- Born: November 24, 1905 Indianapolis, Indiana
- Died: June 3, 2001 (aged 95) Stanton, New Jersey
- Occupation: Freelance writer

= J. C. Furnas =

American writer (1905–2001)

Joseph Chamberlain Furnas (November 24, 1905 – June 3, 2001) was an American freelance writer.

Furnas is best known for his article, commissioned for the Reader's Digest, "---And Sudden Death!" This article brought national attention to the problem of automobile safety, and is the most-reprinted article in the Digest's history.

His other works include a trilogy of social histories of the United States, The Americans (covering the period 1570–1914), Great Times (covering the period 1914–1929) and Stormy Weather: Crosslights on the 1930s (which covers the time between the stock market crash and the attack on Pearl Harbor.)

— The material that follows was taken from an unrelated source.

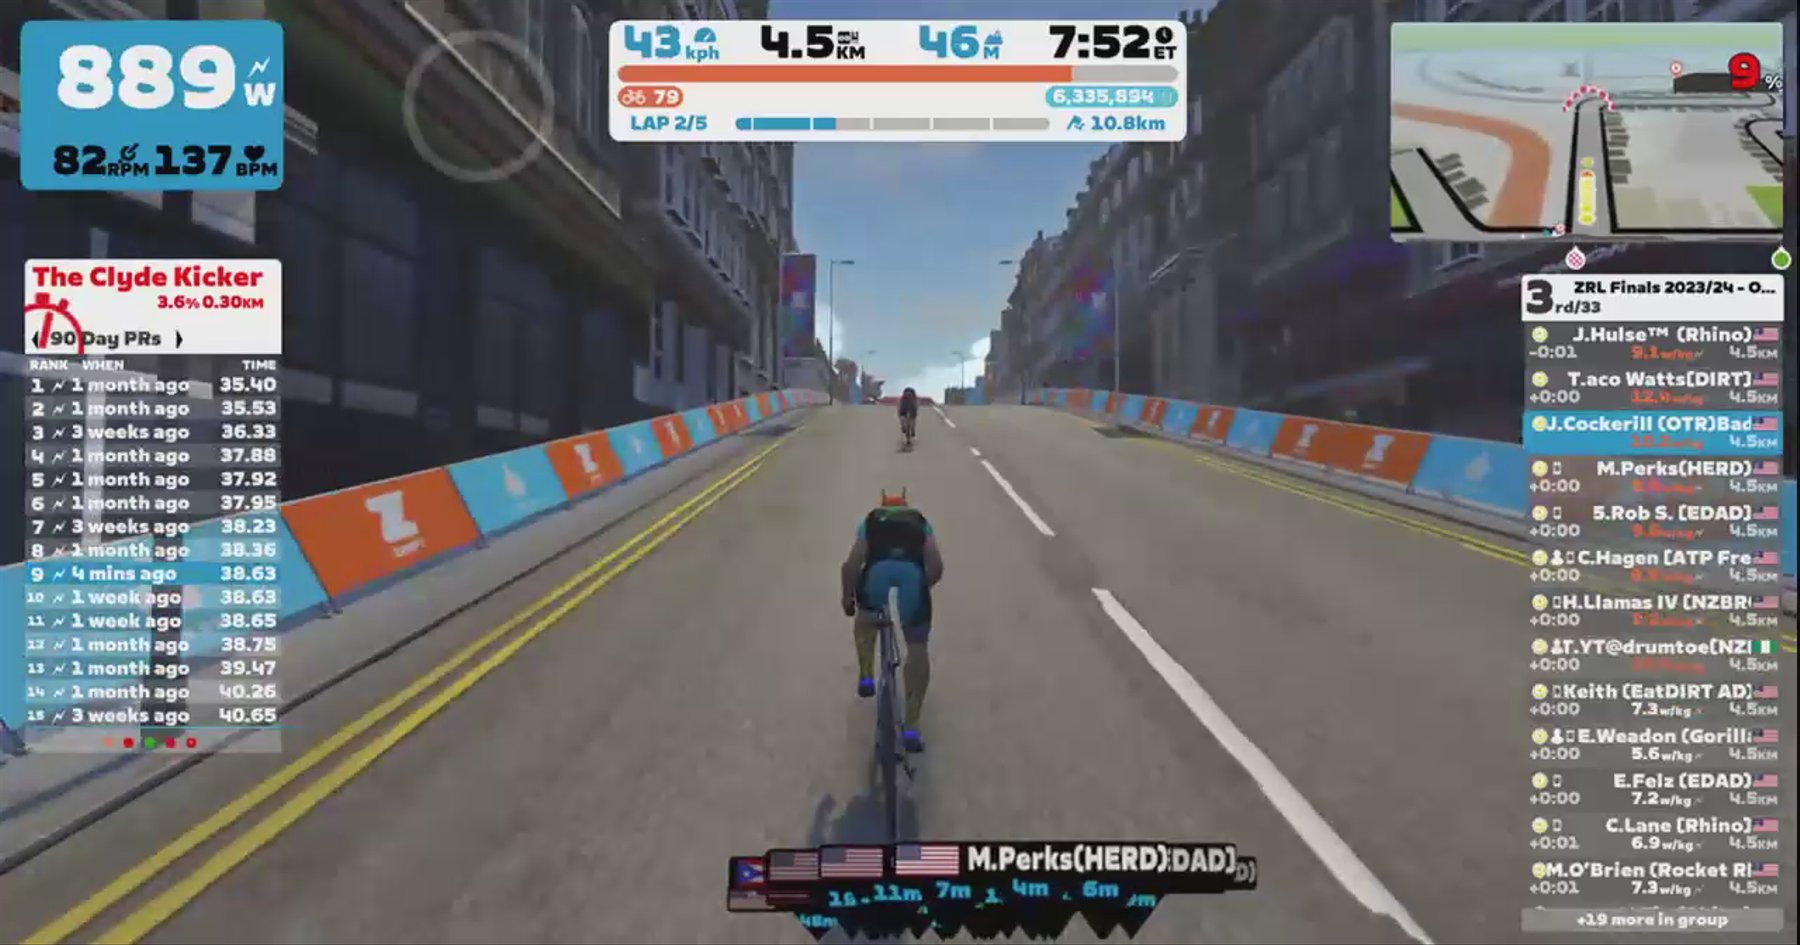 Zwift - Race: ZRL Finals 2023/24 - Open AMERICA Division 1 - Cup Final (Part1) (D) on Glasgow Crit Circuit in Scotland

The Life and Times of the Late Demon Rum purports to be the only "wet" history of the temperance movement; it covers Temperance from its earliest beginnings late in the eighteenth century up to the passage of the Eighteenth Amendment and national prohibition. It is a useful work for those who wish to understand the context within which the temperance and prohibition movements operated; Furnas studies these movements' leaders and neither glosses over their virtues nor their shortcomings.

Two of his books, The Road to Harper's Ferry and Goodbye to Uncle Tom, deal with African American issues---The Road to Harper's Ferry is an account of John Brown's raid on Harper's Ferry, which delves into the lives and motivations of the "Secret Six" who gave him a great deal of his support, and Goodbye to Uncle Tom examines how Uncle Tom's Cabin, both as a novel and in its many stage adaptations, has shaped American attitudes towards African Americans and slavery.

In addition to these books, he wrote several books dealing with the South Pacific, including a biography of Robert Louis Stevenson, as well as several novels.

He is credited with uncovering the truth behind the Lillian Hellman short story, "Julia," later made into a movie starring Jane Fonda and Vanessa Redgrave. Hellman claimed the story was a true if veiled account drawn from the life of her childhood friend "Julia," a doctor trained in Vienna as a psychotherapist and an anti-Nazi. In fact, the story was taken from the life of Muriel Gardiner, a friend of J.C. Furnas's wife. He documents the story in his autobiography.

==Biography==
Furnas was born in Indiana on November 24, 1905. He was educated at Harvard University. During World War II he served as a war correspondent; his age, poor vision and Quaker background all combined to keep him from actual military service.

Furnas died on June 3, 2001, at his home in the Stanton section of Readington Township, New Jersey.